**What is required**. Retype every line of the data below, starting with the first and ending with the line that contains "Tuvalet Fırçası Mermer", but leave out the pictures.

**Given material**.
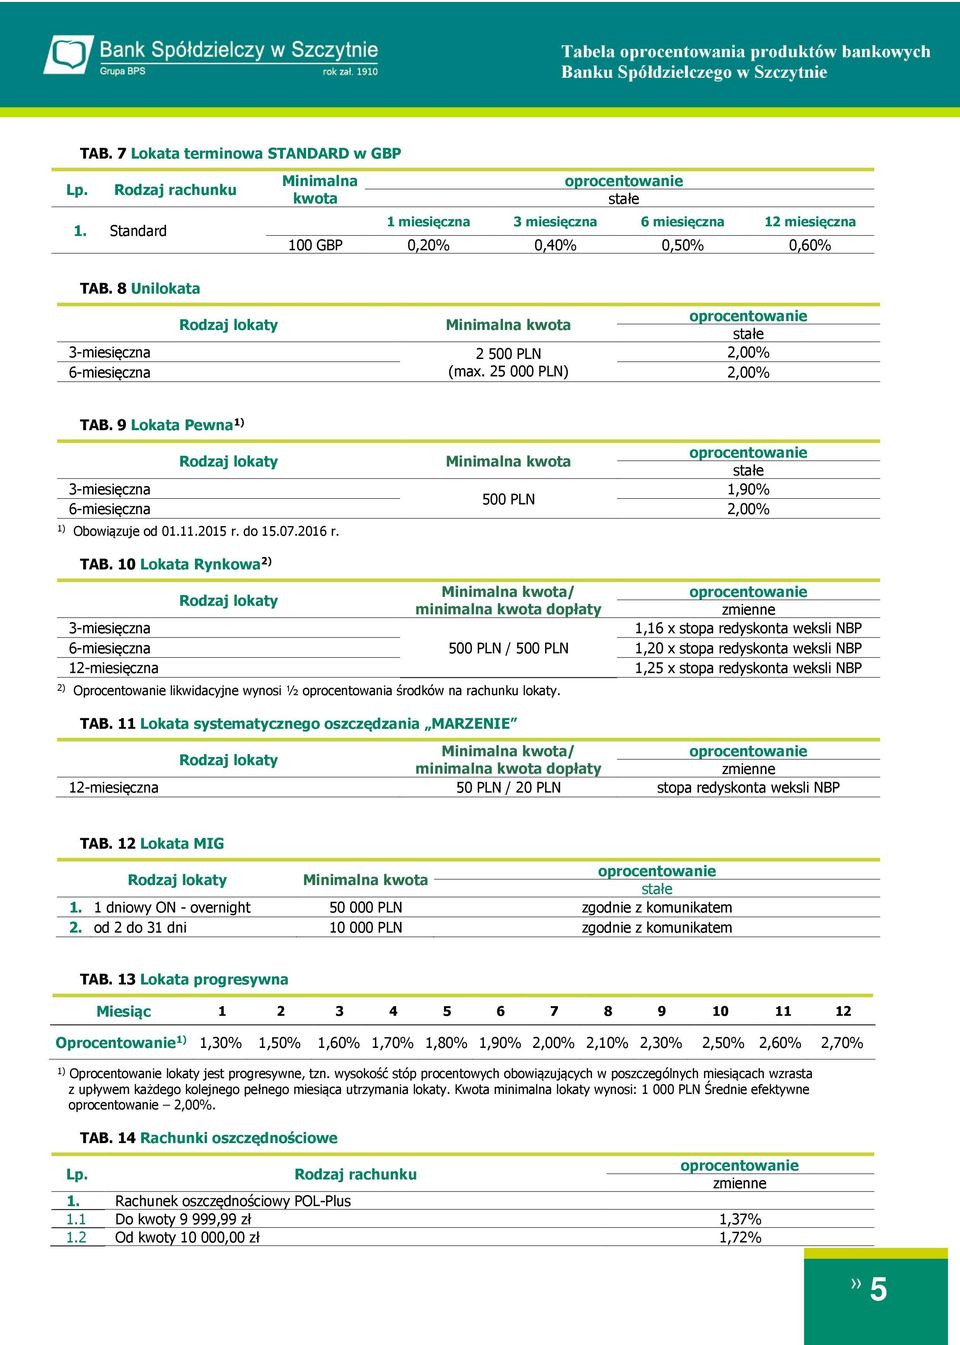 10 Lokata Rynkowa 2) 3-6- 12- / minimalna dopłaty 500 PLN / 500 PLN 2) Oprocentowanie likwidacyjne wynosi ½ oprocentowania środków na rachunku lokaty.
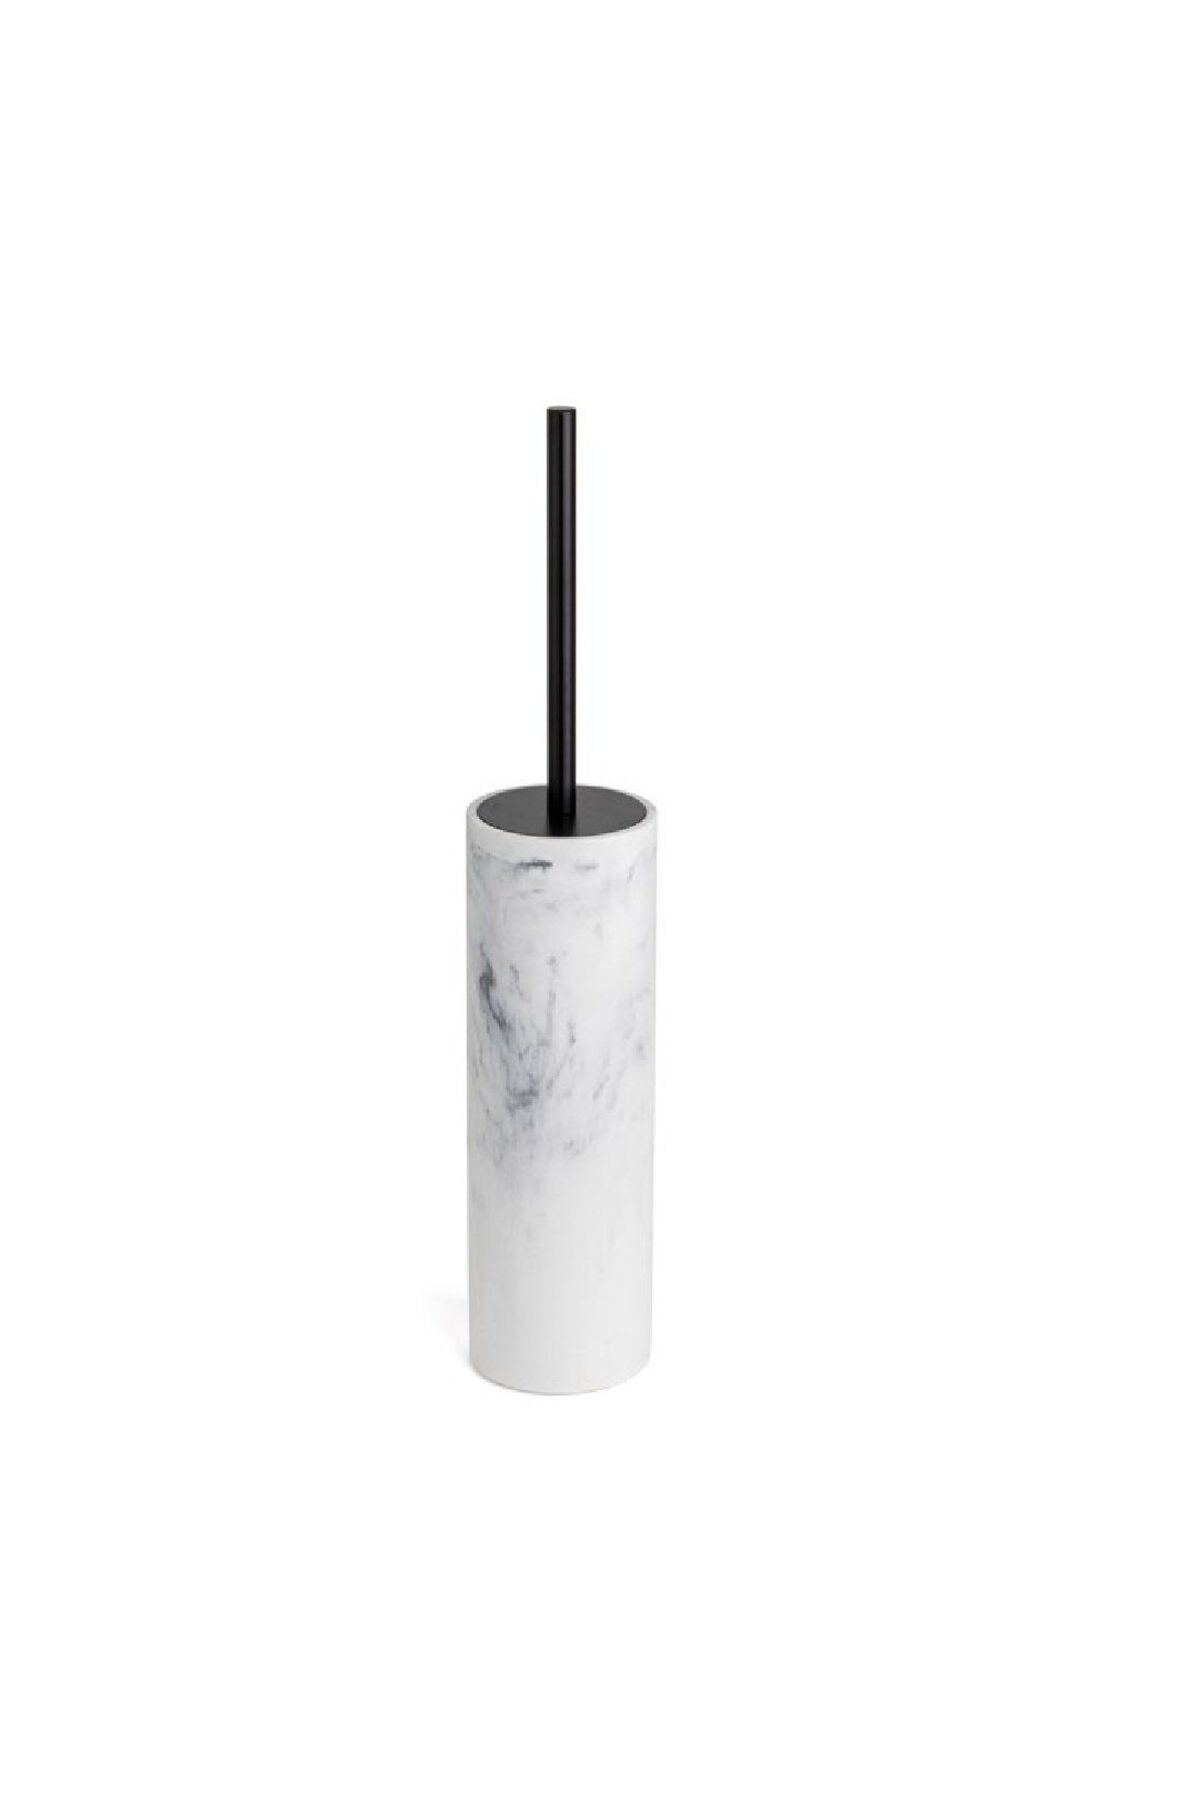 Tuvalet Fırçası Mermer Desenli/Siyah Renk 420X80X80 mm
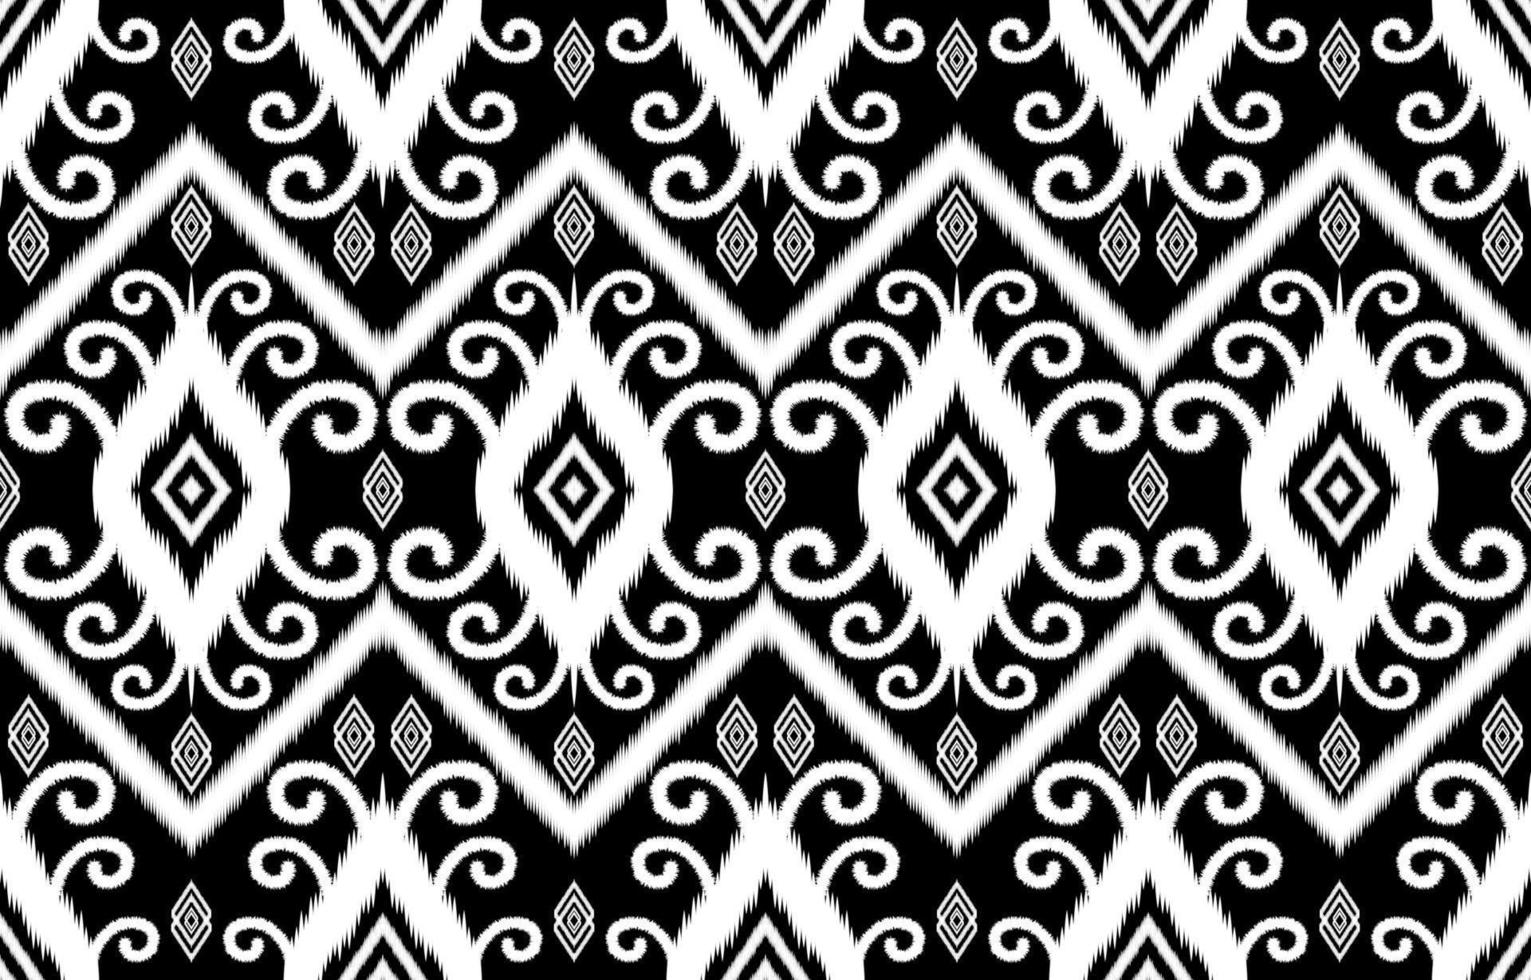 motifs ikat antiques luxueux royaux. style rétro vintage tribal ethnique géométrique. modèle sans couture de tissu textile ikat. indien africain asiatique navajo aztèque ikat abstrait noir et blanc. vecteur

**Response area**.
 10 Lokata Rynkowa 2) 3-6- 12- / minimalna dopłaty 500 PLN / 500 PLN 2) Oprocentowanie likwidacyjne wynosi ½ oprocentowania środków na rachunku lokaty.
 Tuvalet Fırçası Mermer Desenli/Siyah Renk 420X80X80 mm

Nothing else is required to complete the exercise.